II. To assess objective tumor response (confirmed and unconfirmed, complete and partial) in
patients with measurable disease treated with mFOLFIRINOX with PEGPH20 and patients receiving
mFOLFIRINOX alone in this patient population.
III. To determine the frequency, severity, and tolerability of adverse events of mFOLFIRINOX
with PEGPH20.
TERTIARY OBJECTIVES:
I. To explore the correlation of maximum decrease in cancer antigen (CA) 19-9 levels and time
to maximum decrease in CA 19-9 levels with overall survival, progression-free survival and
response.
II. To explore the correlation of plasma hyaluronan (HA) and tumor expression of HA with
overall survival, progression-free survival and response.
OUTLINE: This is a phase I, dose de-escalation study of pegylated recombinant human
hyaluronidase followed by a randomized phase II study.
PHASE I: Patients receive pegylated recombinant human hyaluronidase intravenously (IV) over
10 minutes on day 1*; oxaliplatin IV over 2 hours, leucovorin calcium IV over 2 hours, and
irinotecan hydrochloride IV over 1.5 hours on day 2; and fluorouracil IV over 46 hours on
days 2-4. Courses repeat every 14 days in the absence of disease progression or unacceptable
toxicity.
PHASE II: Patients are randomized to 1 of 2 treatment arms.
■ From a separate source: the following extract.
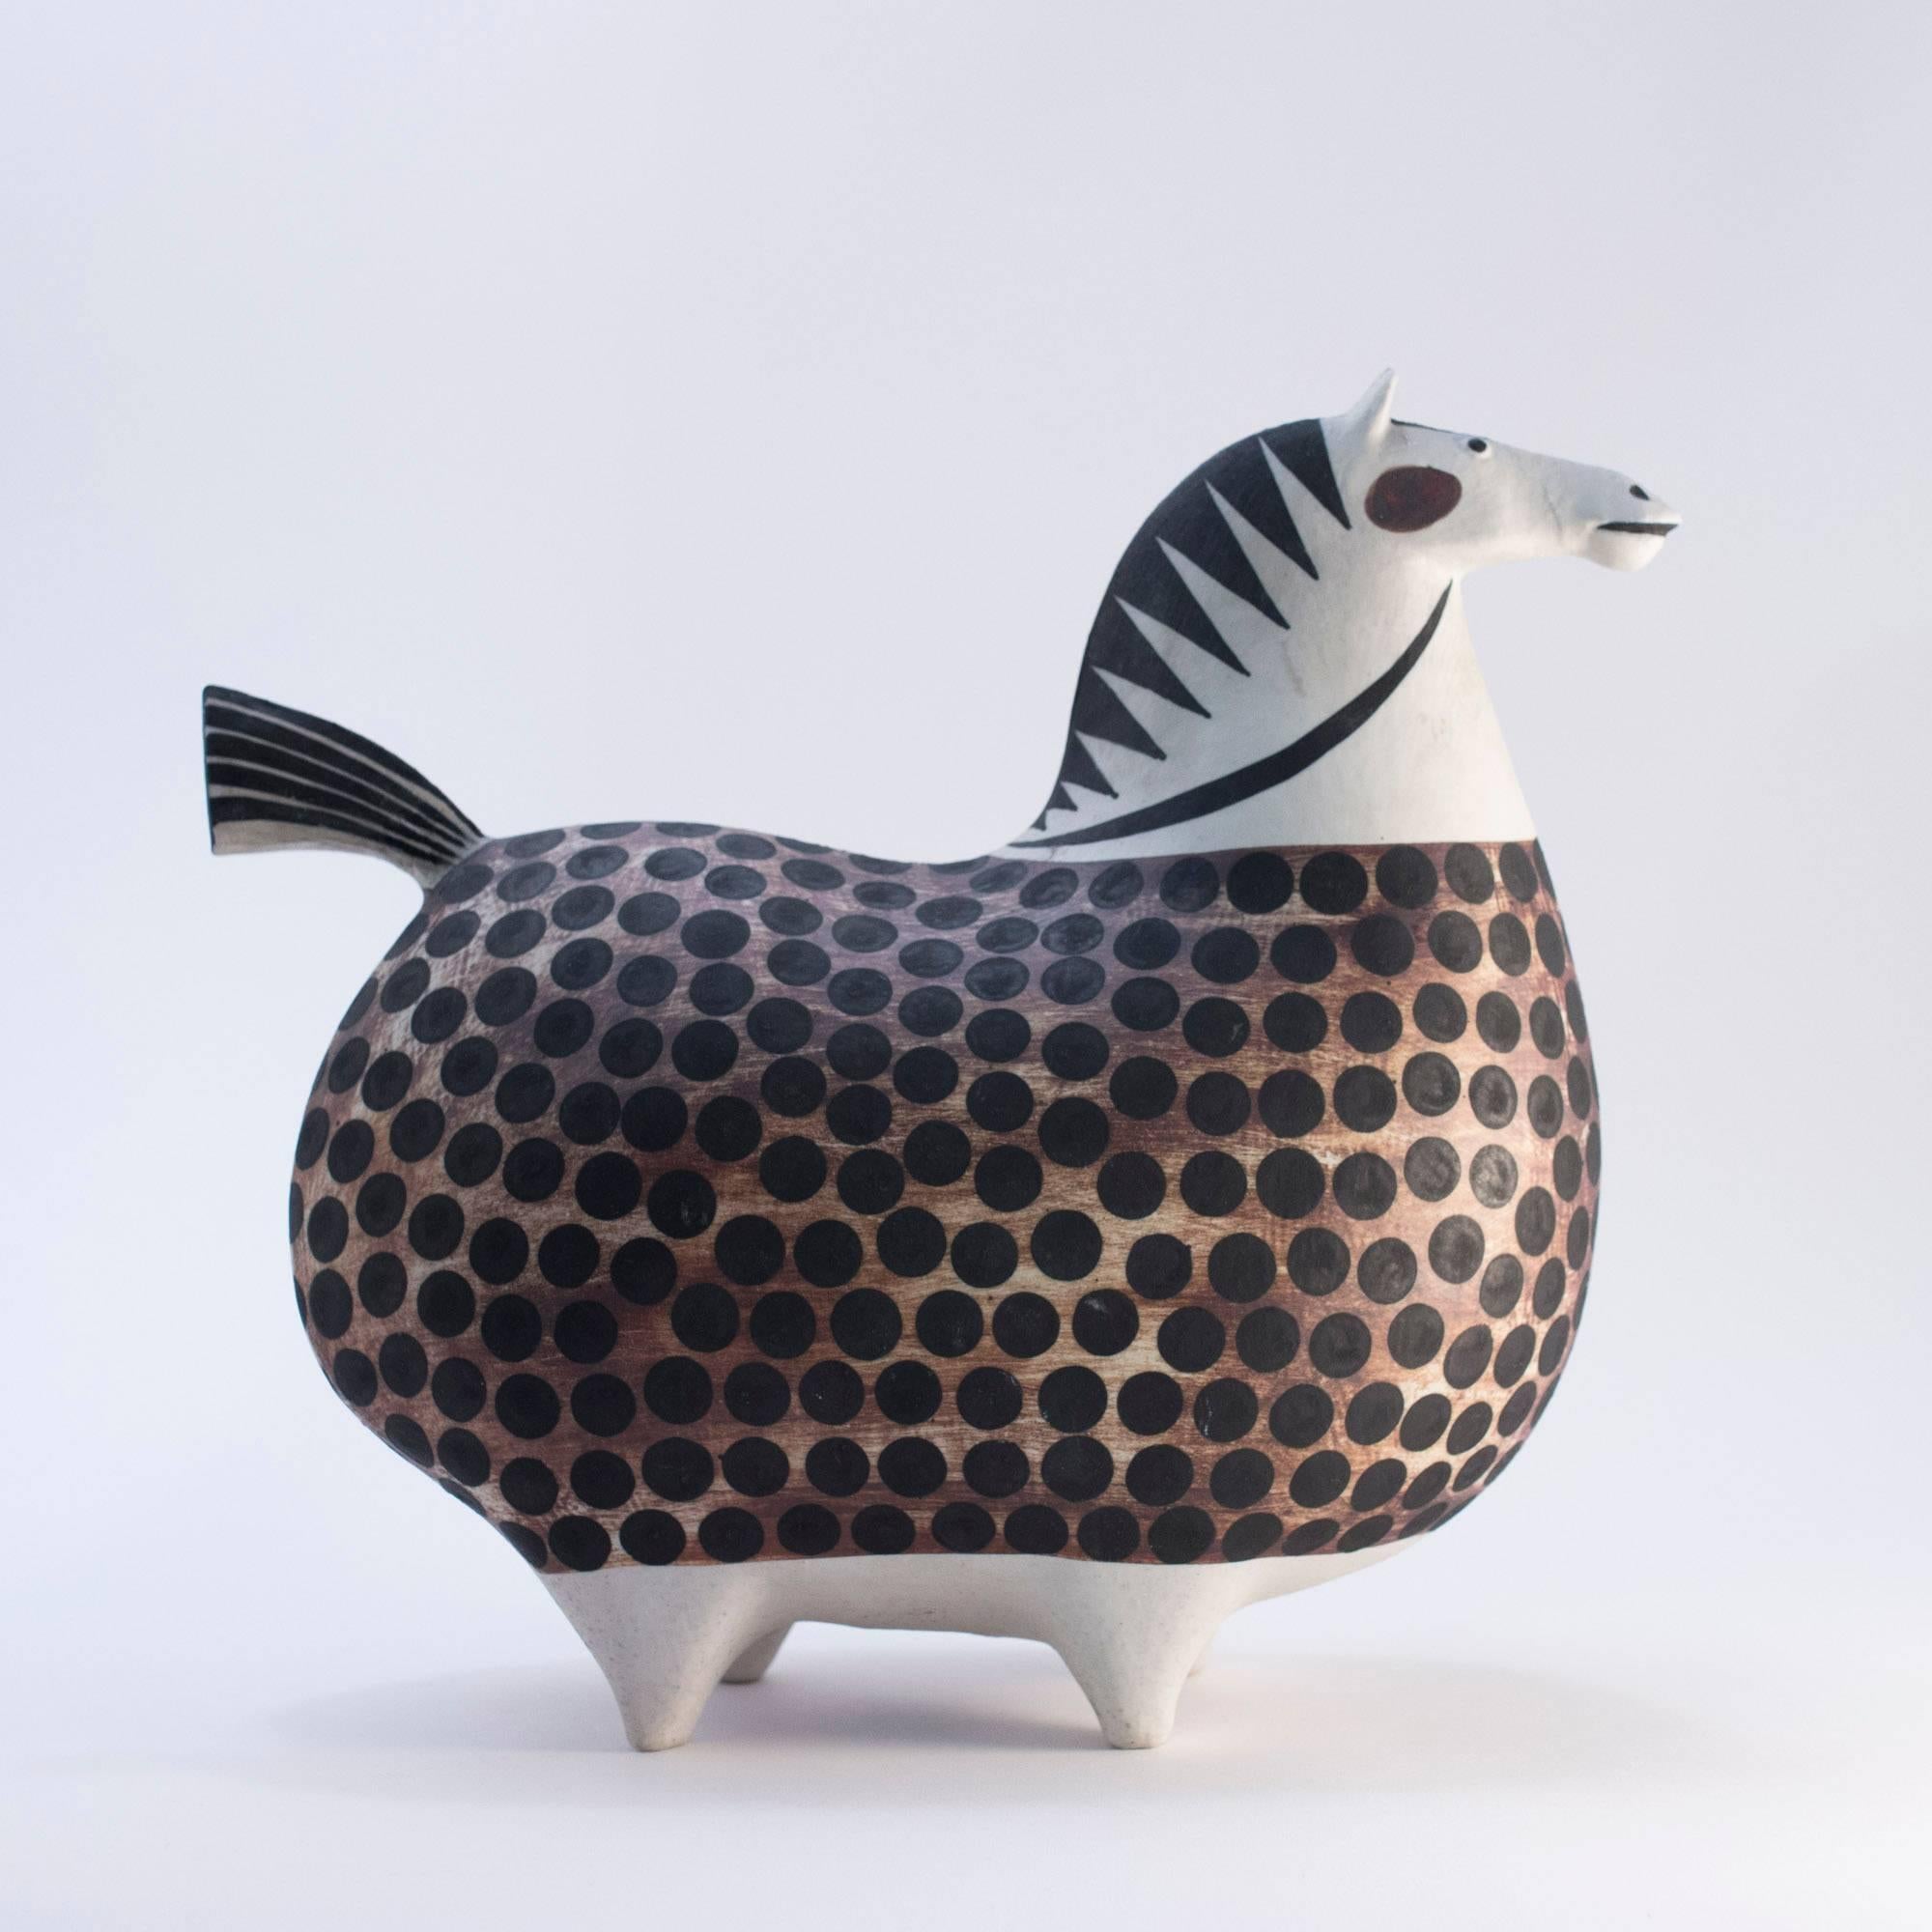 Enchanting ceramic horse figurine by Stig Lindberg, called

ARM I: Patients receive oxaliplatin IV over 2 hours, leucovorin calcium IV over 2 hours, and
irinotecan hydrochloride IV over 1.5 hours on day 2, and fluorouracil IV over 46 hours on
days 2-4. Courses repeat every 14 days in the absence of disease progression or unacceptable
toxicity.
ARM II: Patients receive pegylated recombinant human hyaluronidase IV over 10 minutes on day
1* and oxaliplatin, leucovorin calcium, irinotecan hydrochloride, and fluorouracil as in Arm
I. Courses repeat every 14 days in the absence of disease progression or unacceptable
toxicity.
*NOTE: Some patients also receive pegylated recombinant human hyaluronidase on day 3 or 4 of
courses 1 and 2.
After completion of study treatment, patients are followed up for 3 years.